▸ **SUPPLIED INFORMATION**
★ ★ ★ ★ ★

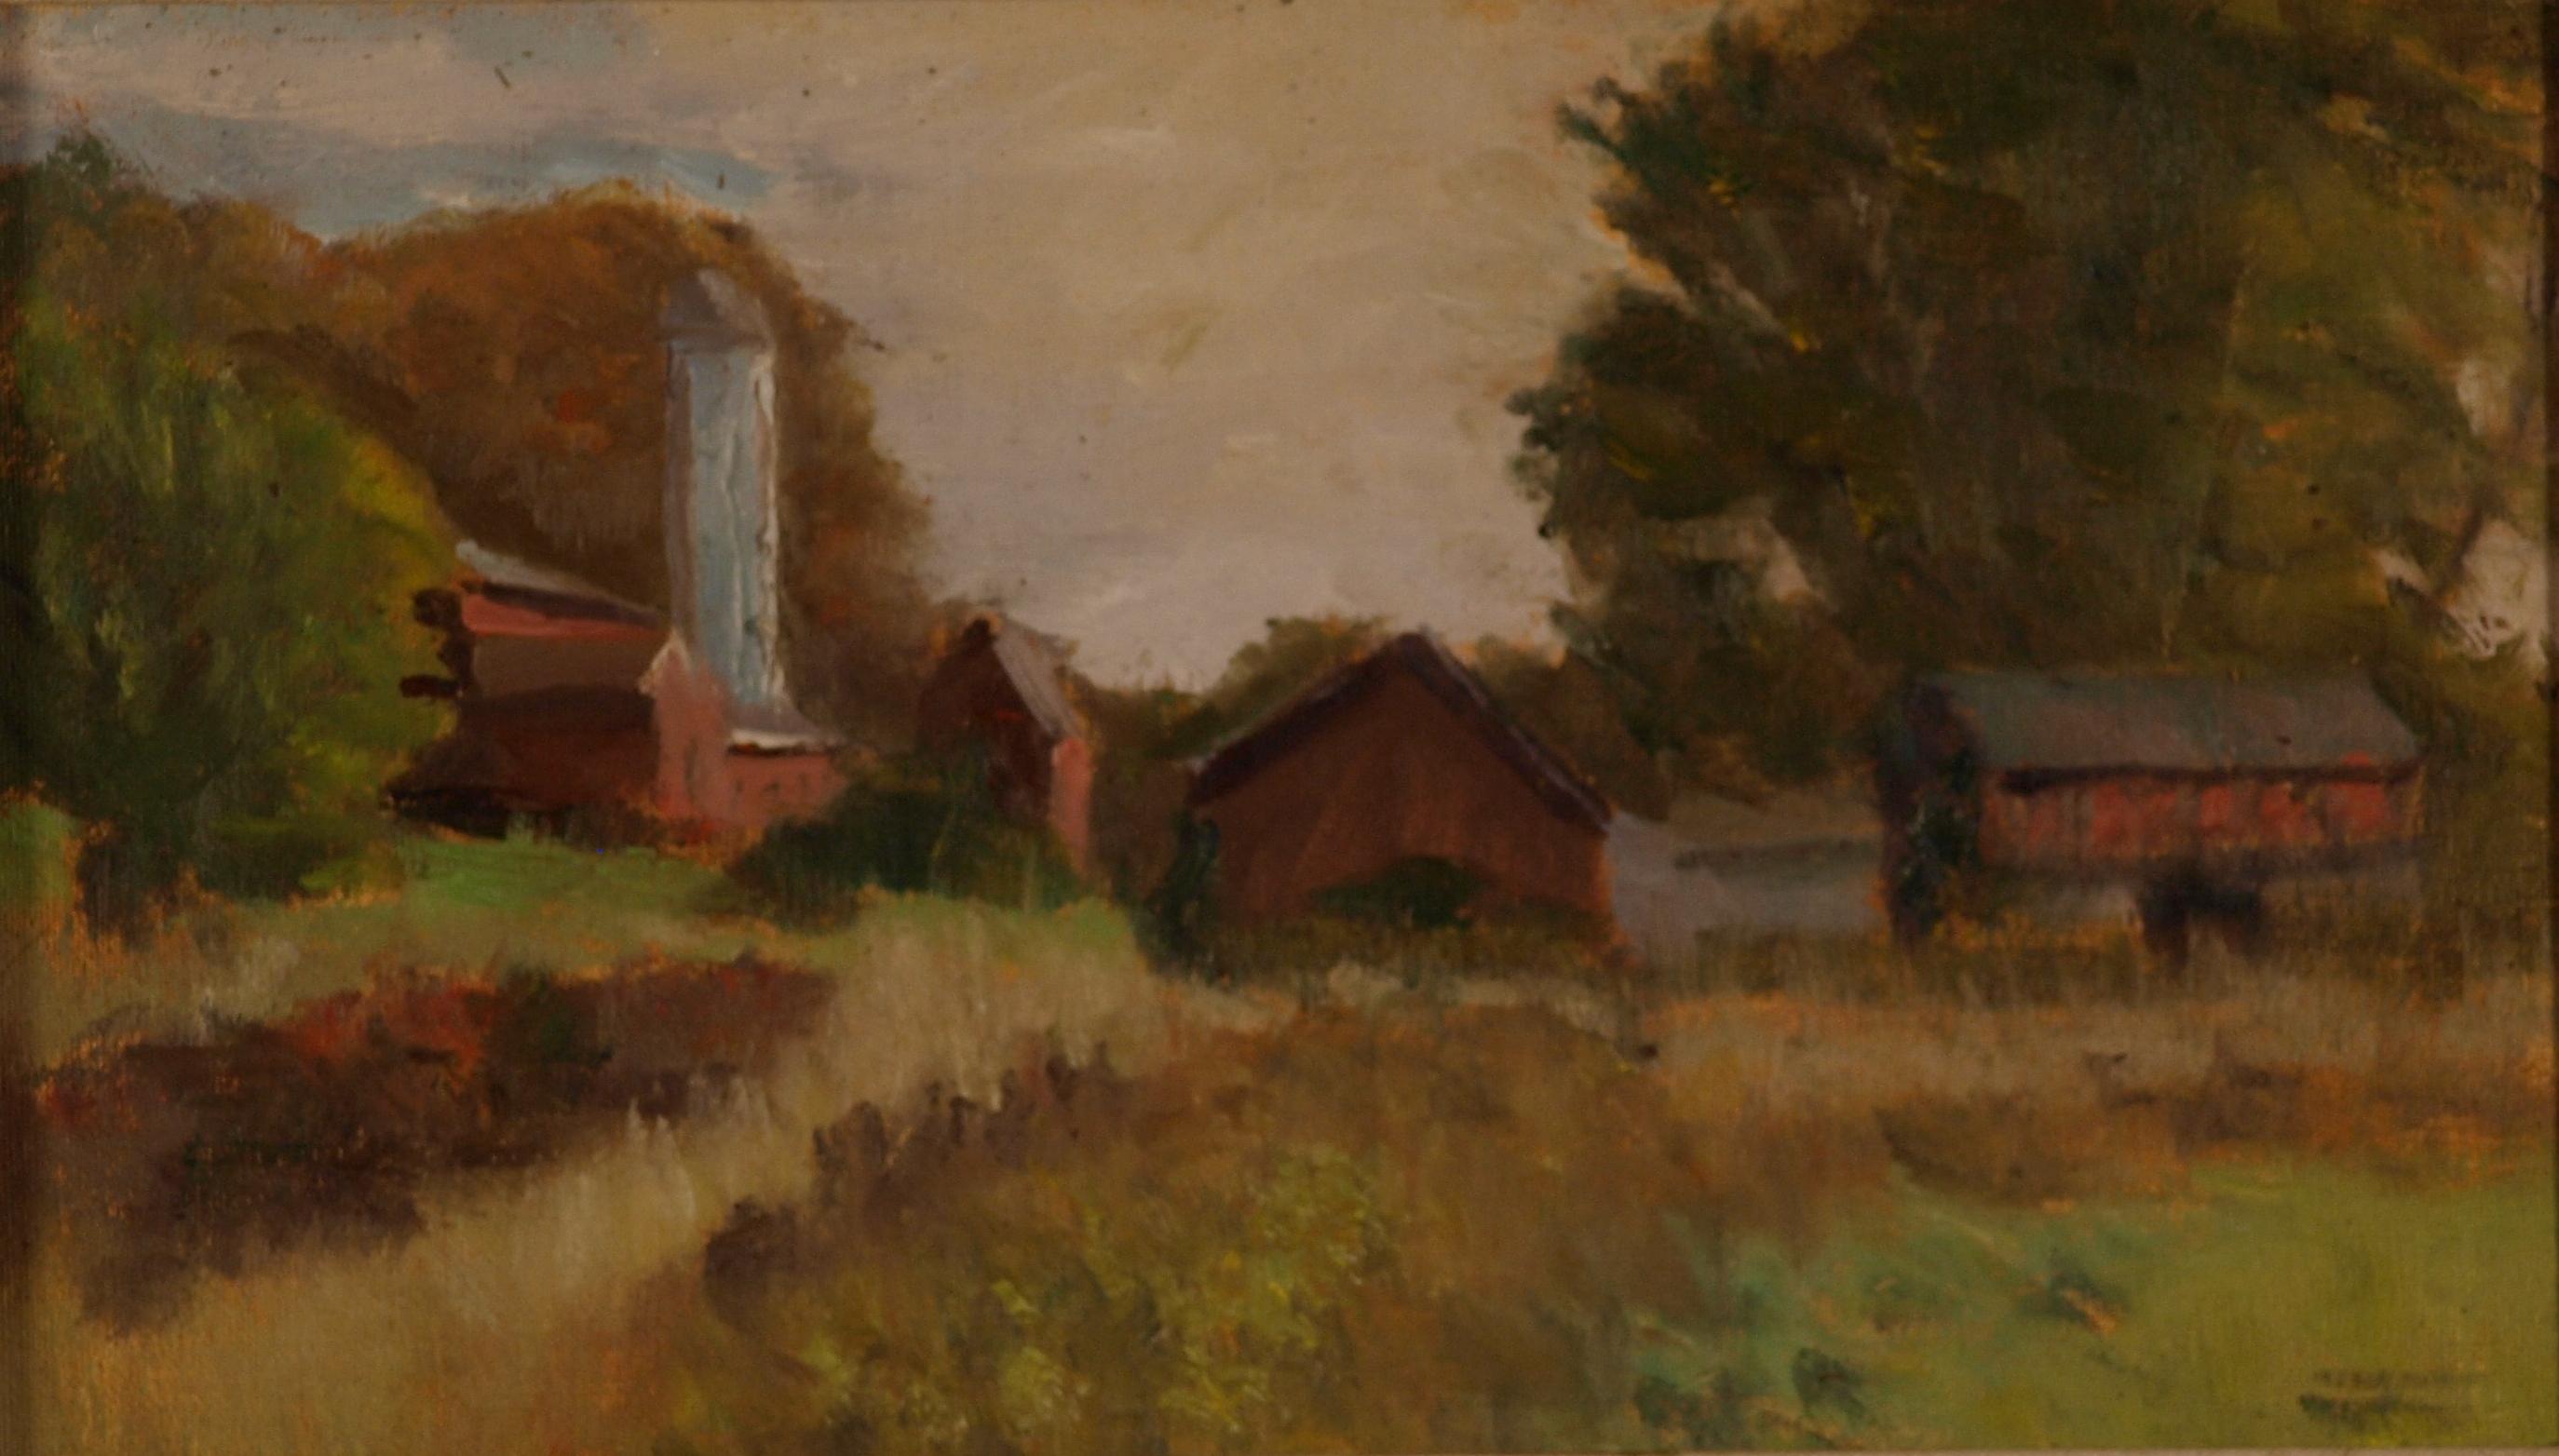 Autumn - Osbourne Farm, Oil on Canvas on Panel, 8 x 14 Inches, by Richard Stalter, $225
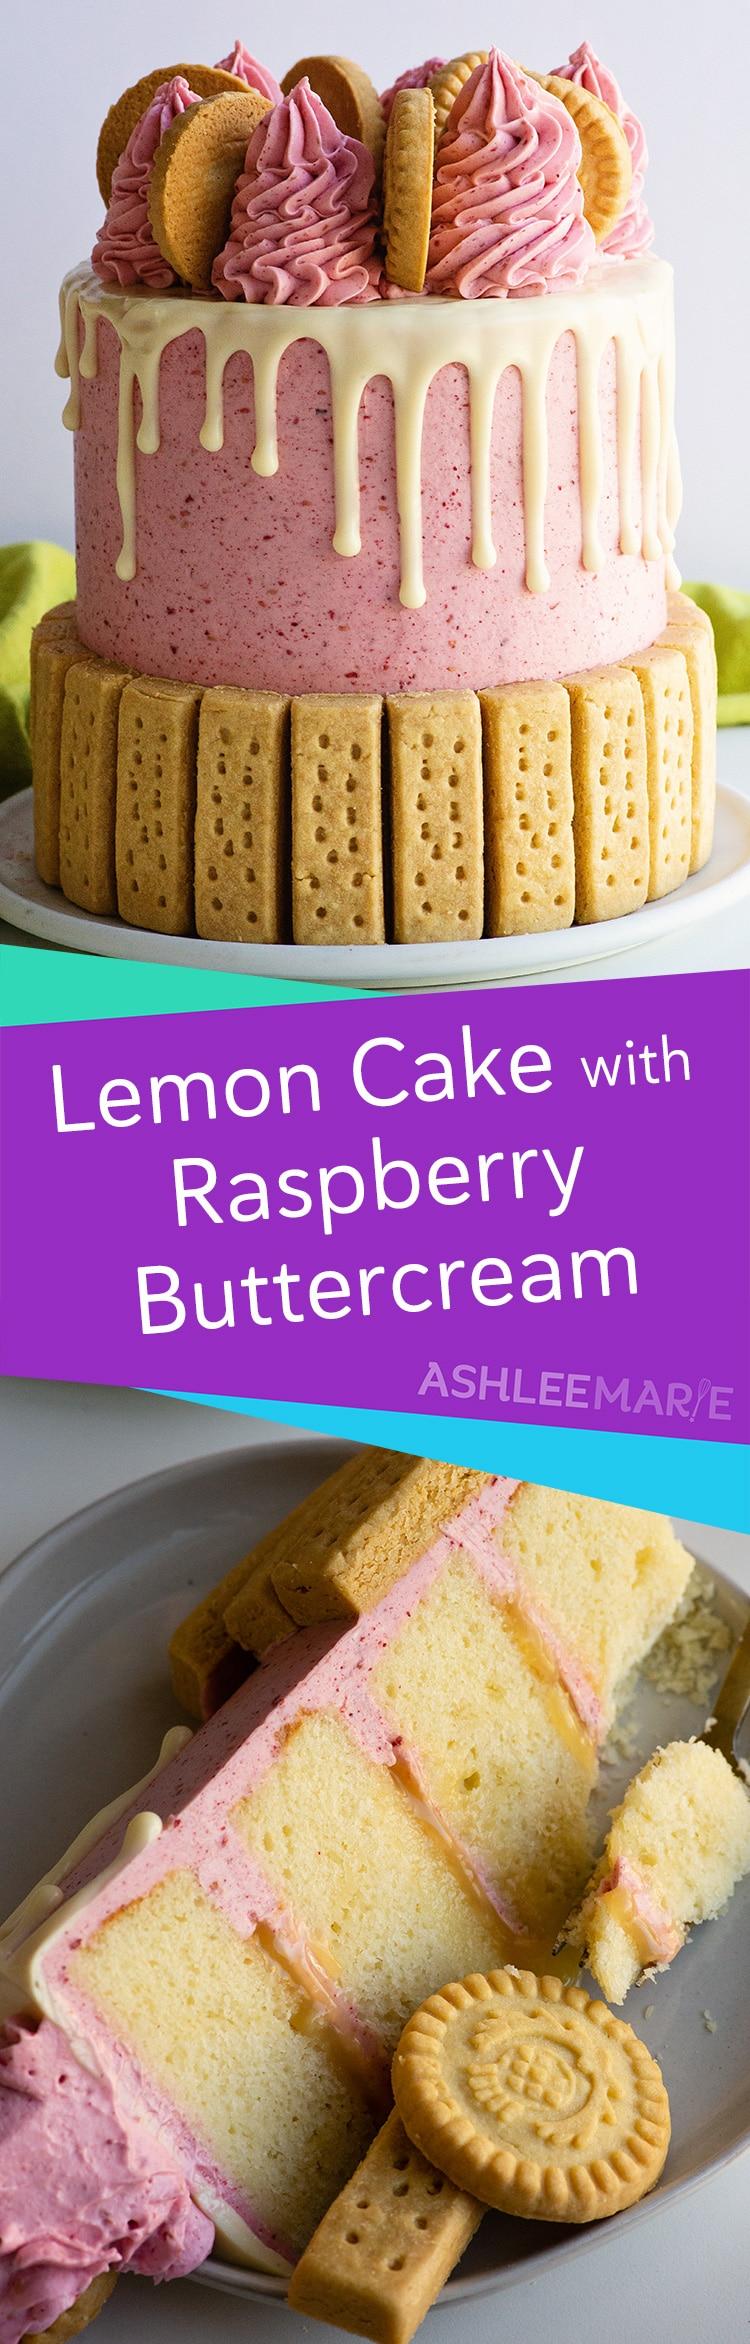 lemon cake with lemon curd and raspberry swiss meringue buttercream
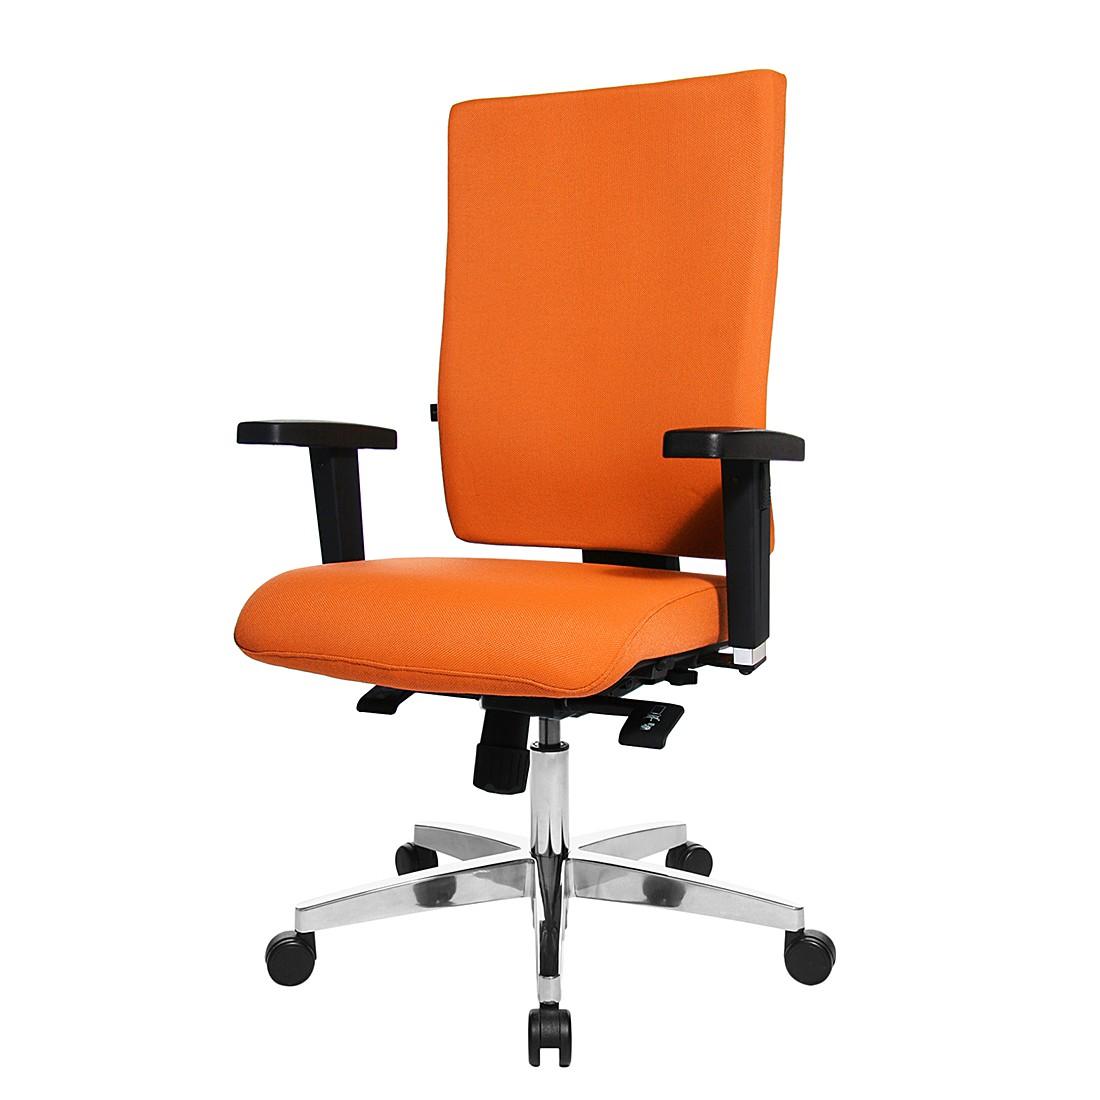 Bürodrehstuhl Lightstar 20 - Mit Armlehnen - Orange, Topstar
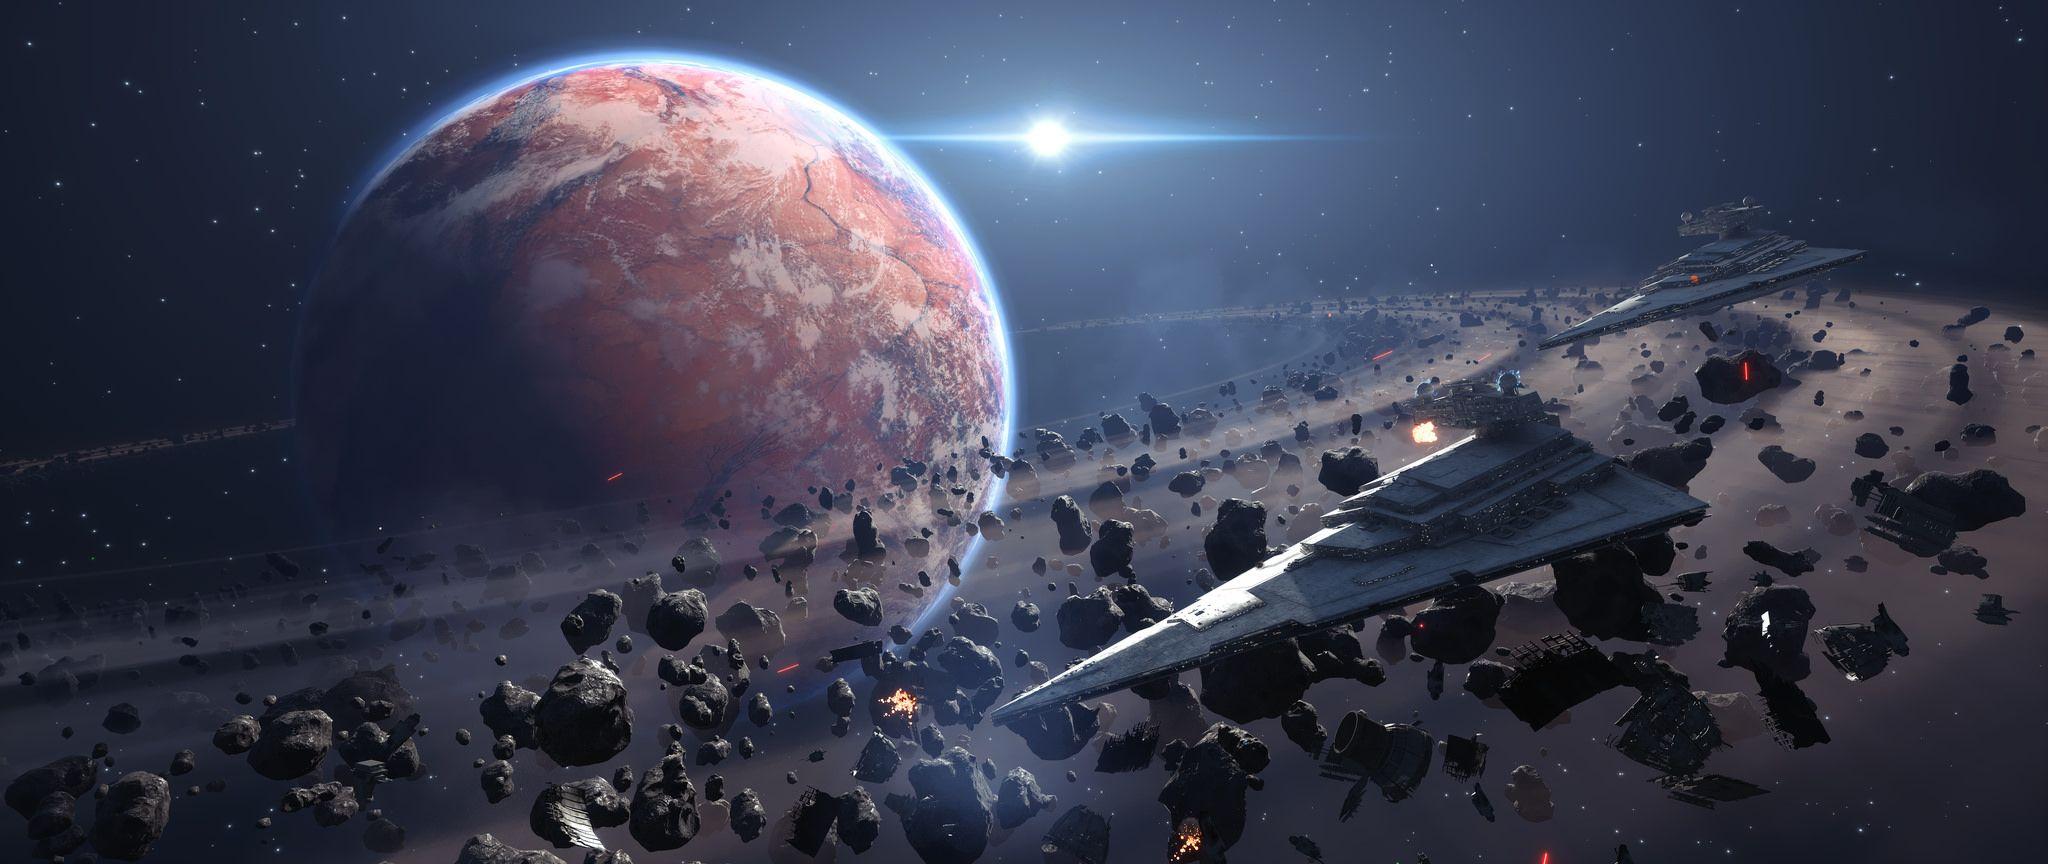 Guardians Of The Galaxy Star Destroyer Wallpaper Star Wars Wallpaper Planet Illustration

★ ★ ★ ★ ★

▸ **TASK GOAL**
Beginning with the line that has "lemon cake with", repeat each remaining line of the data above word for word, keeping pictures out.

▸ **RESULT**
 lemon cake with lemon curd and raspberry swiss meringue buttercream
 Bürodrehstuhl Lightstar 20 - Mit Armlehnen - Orange, Topstar
 Guardians Of The Galaxy Star Destroyer Wallpaper Star Wars Wallpaper Planet Illustration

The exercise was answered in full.